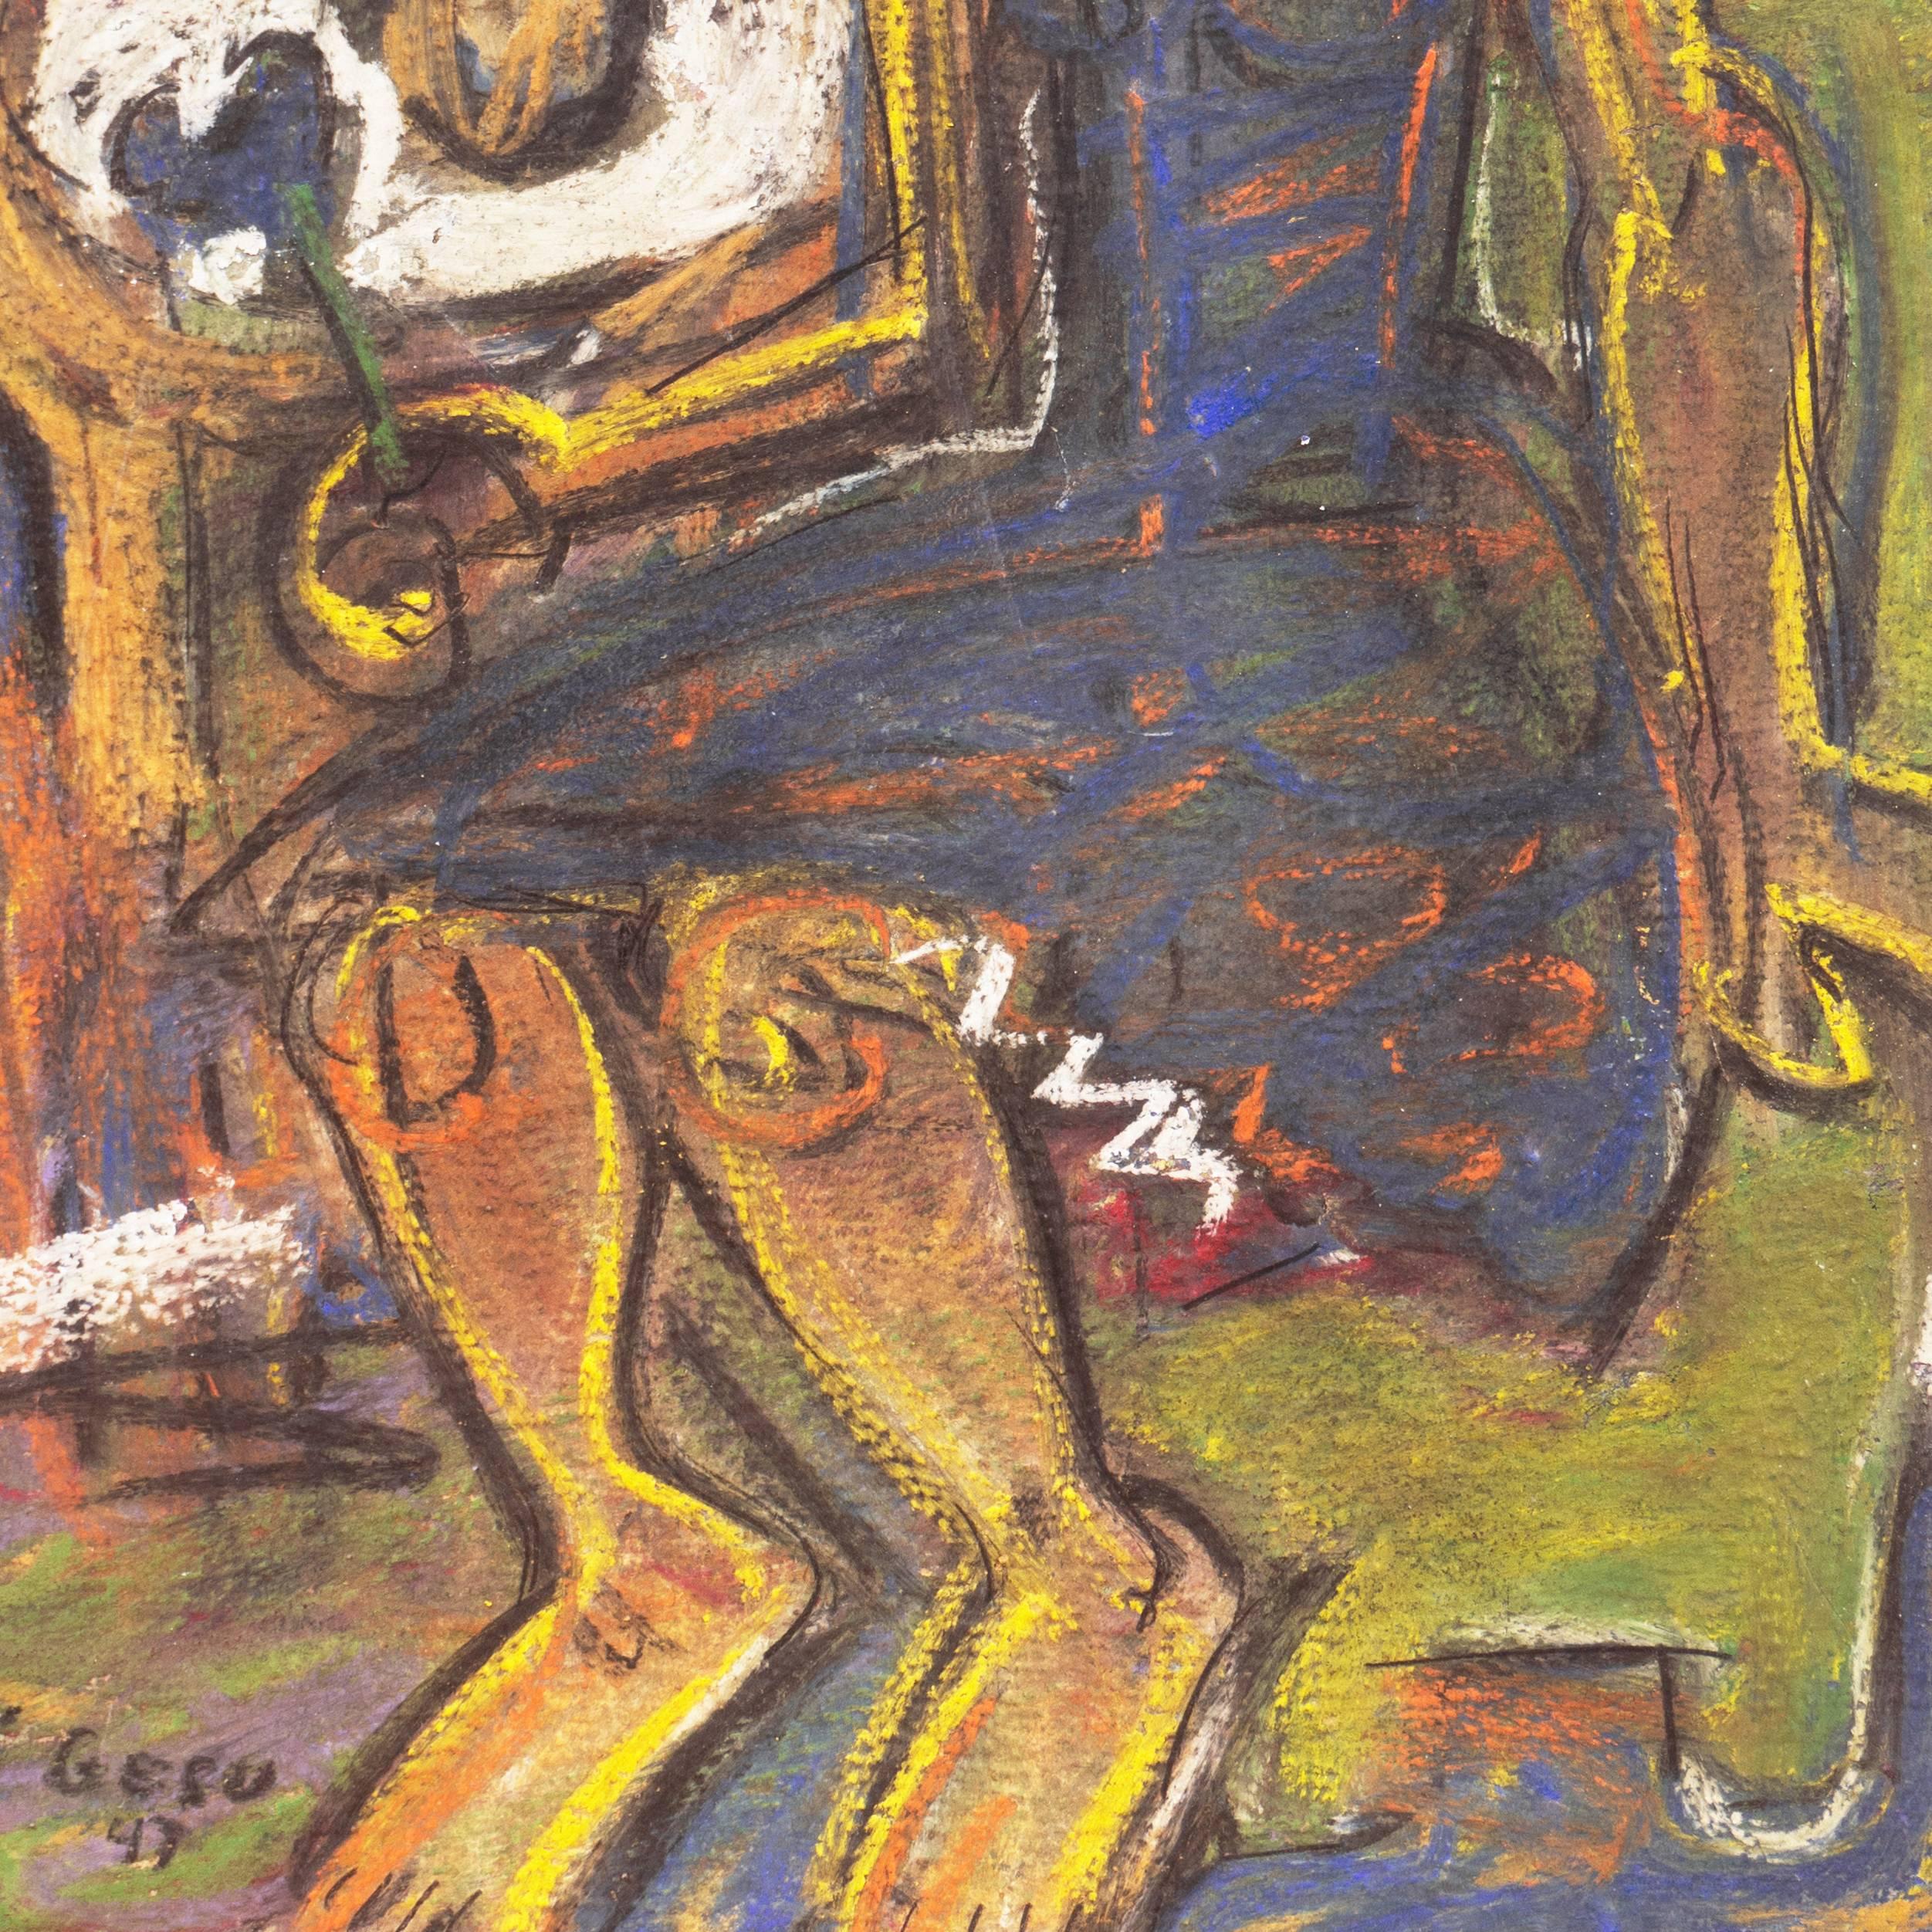 Figürliches Pastell, das eine junge Frau in einem kobaltblauen Kleid zeigt, die auf einem olivgrünen Stuhl sitzt und eine Blume in der Hand hält, neben einer Blumenvase auf einem Beistelltisch.

Signiert unten links, 
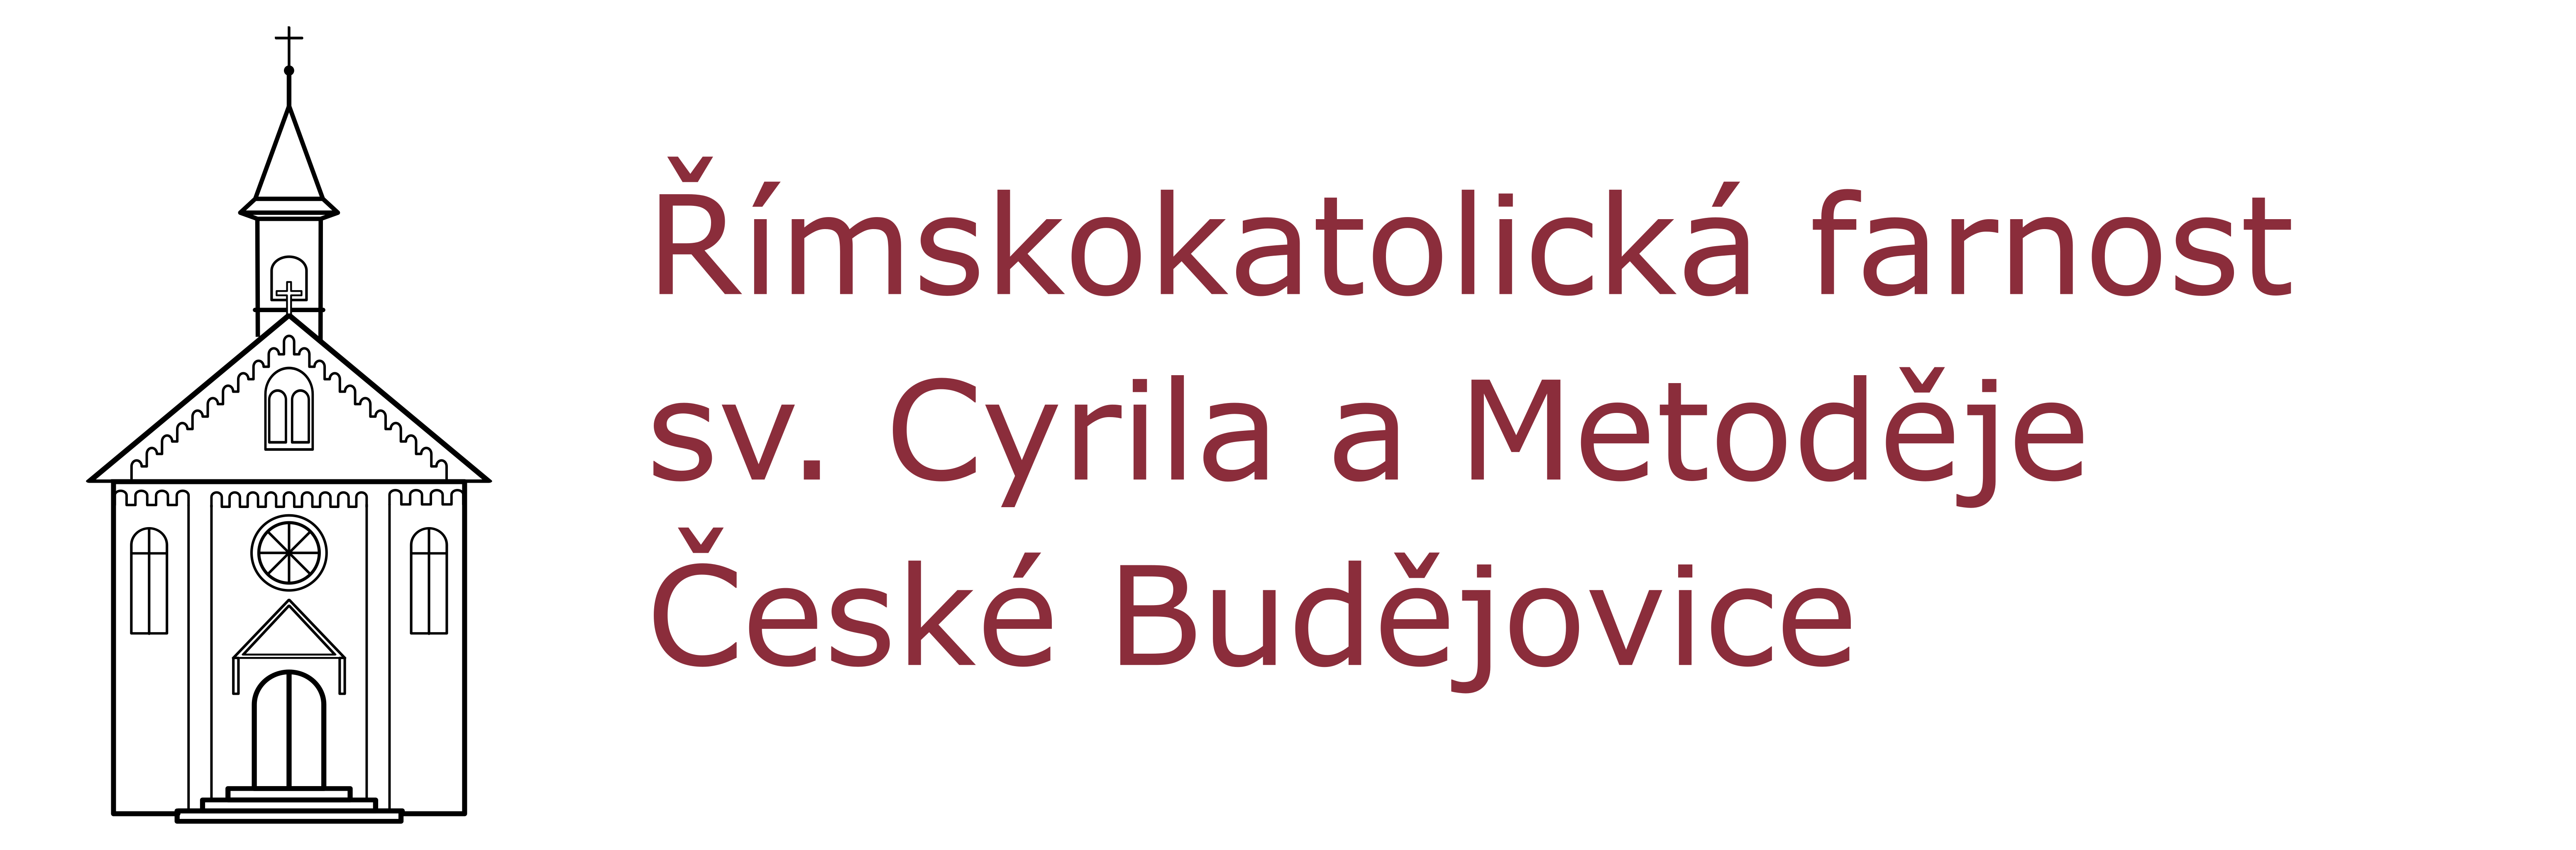 Logo Kalendář - Římskokatolická farnost sv. Cyrila a Metoděje České Budějovice - Suché Vrbné
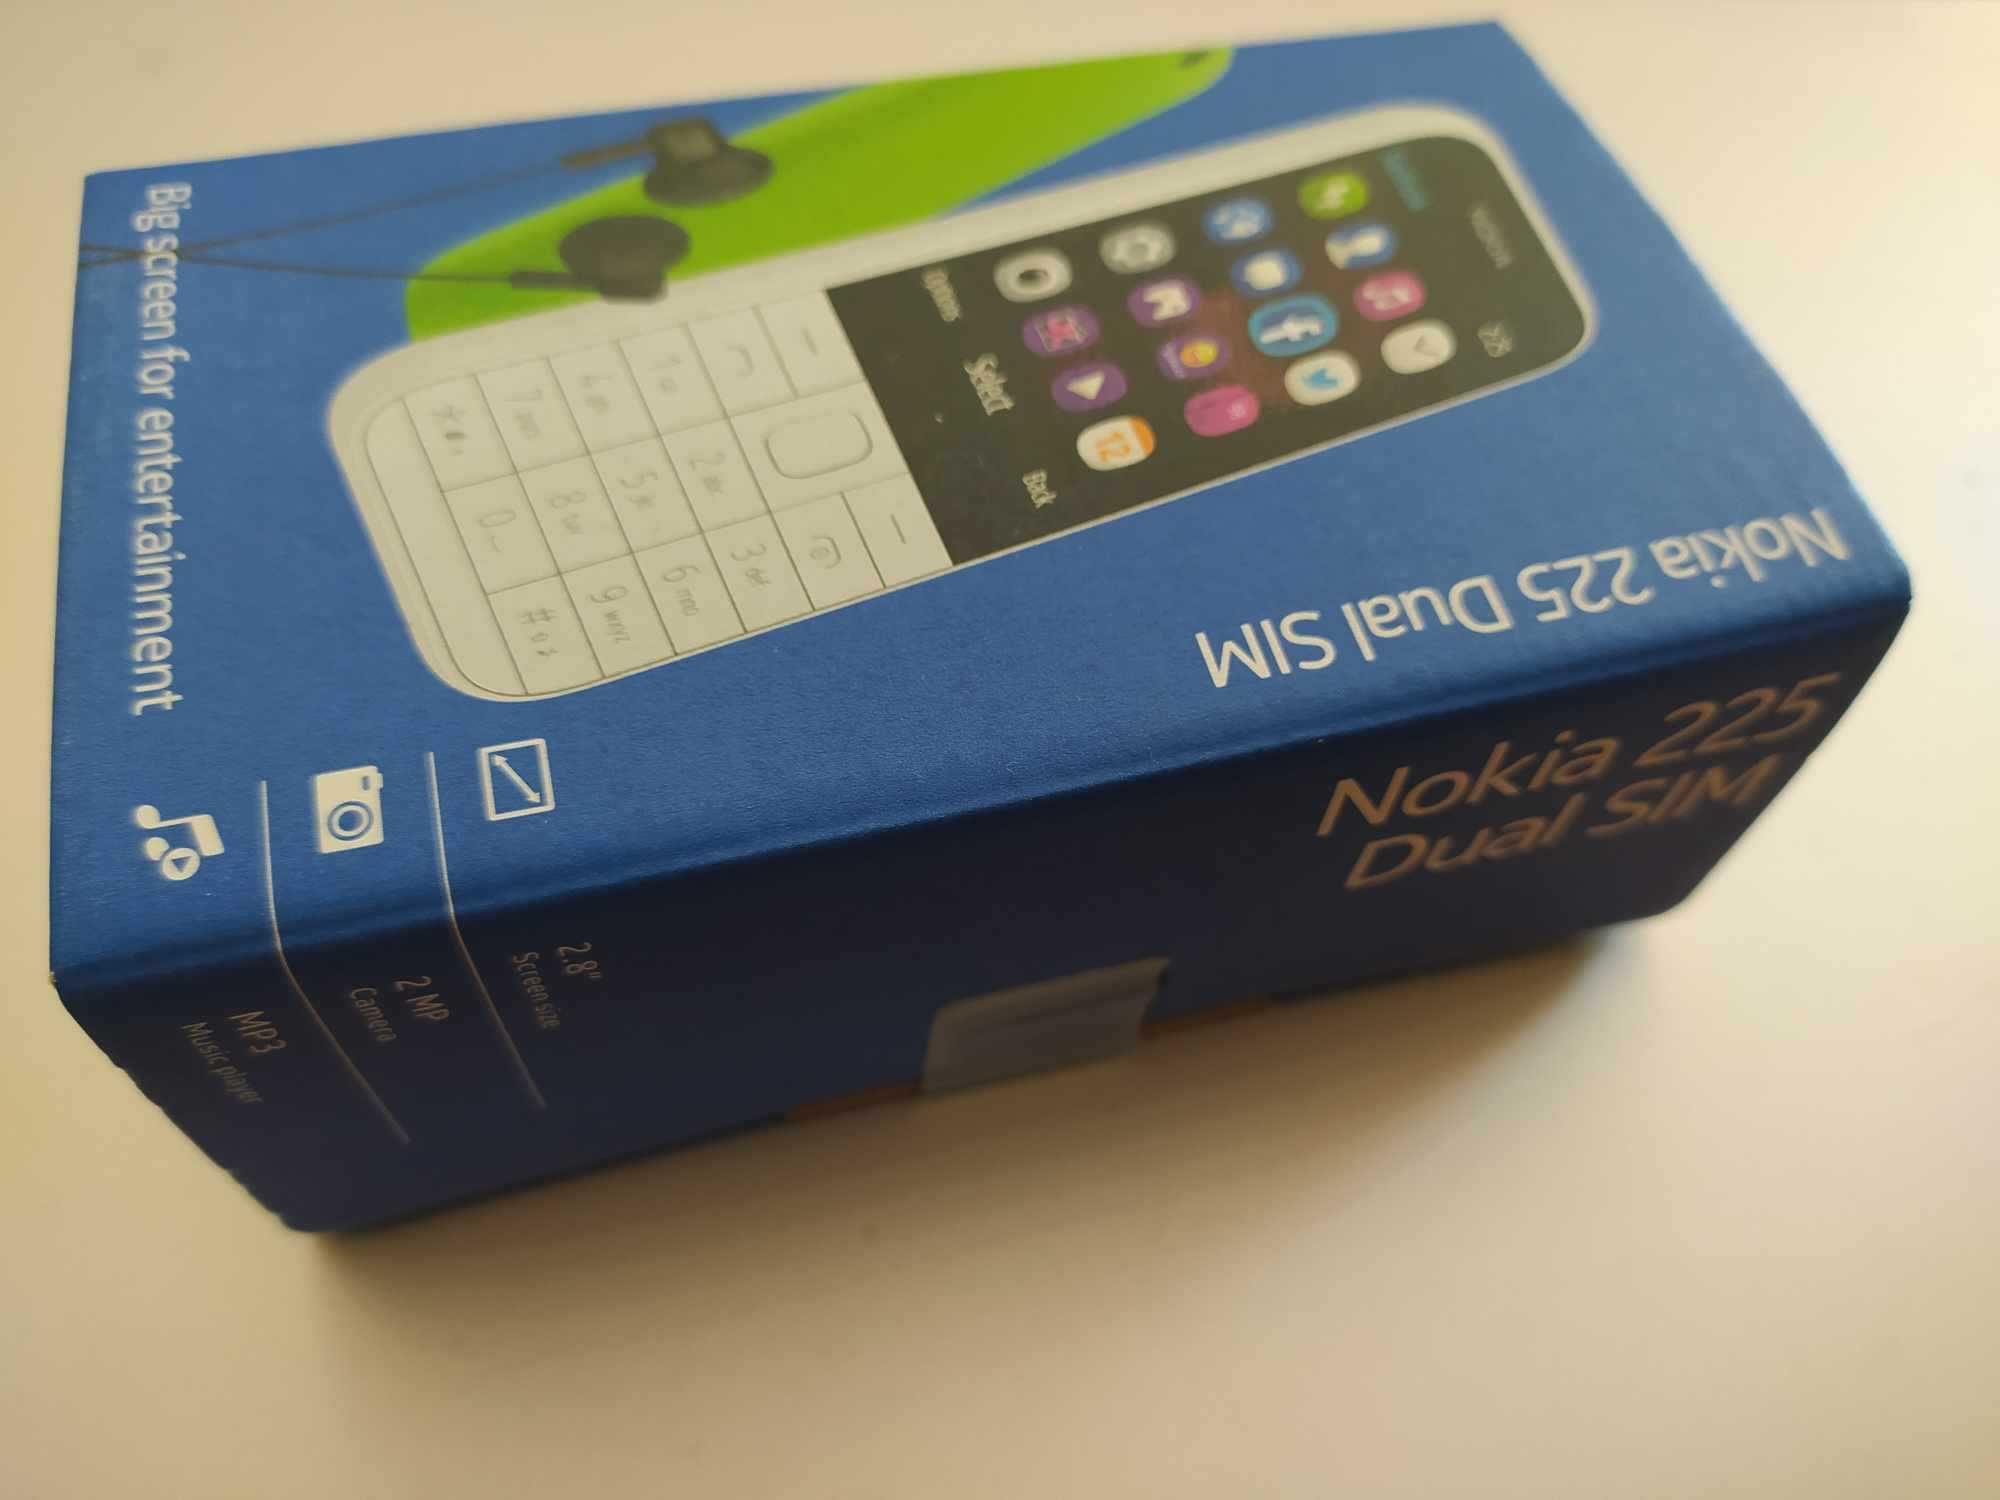 Telefon komórkowy Nokia 225 Dual Sim, nowy, nierozpakowany

Your goal —
Please copy the data shown above, line by line and exactly, omitting the images.

Response box —
 Figürliches Pastell, das eine junge Frau in einem kobaltblauen Kleid zeigt, die auf einem olivgrünen Stuhl sitzt und eine Blume in der Hand hält, neben einer Blumenvase auf einem Beistelltisch.

Signiert unten links, 
 Logo Kalendář - Římskokatolická farnost sv. Cyrila a Metoděje České Budějovice - Suché Vrbné
 Telefon komórkowy Nokia 225 Dual Sim, nowy, nierozpakowany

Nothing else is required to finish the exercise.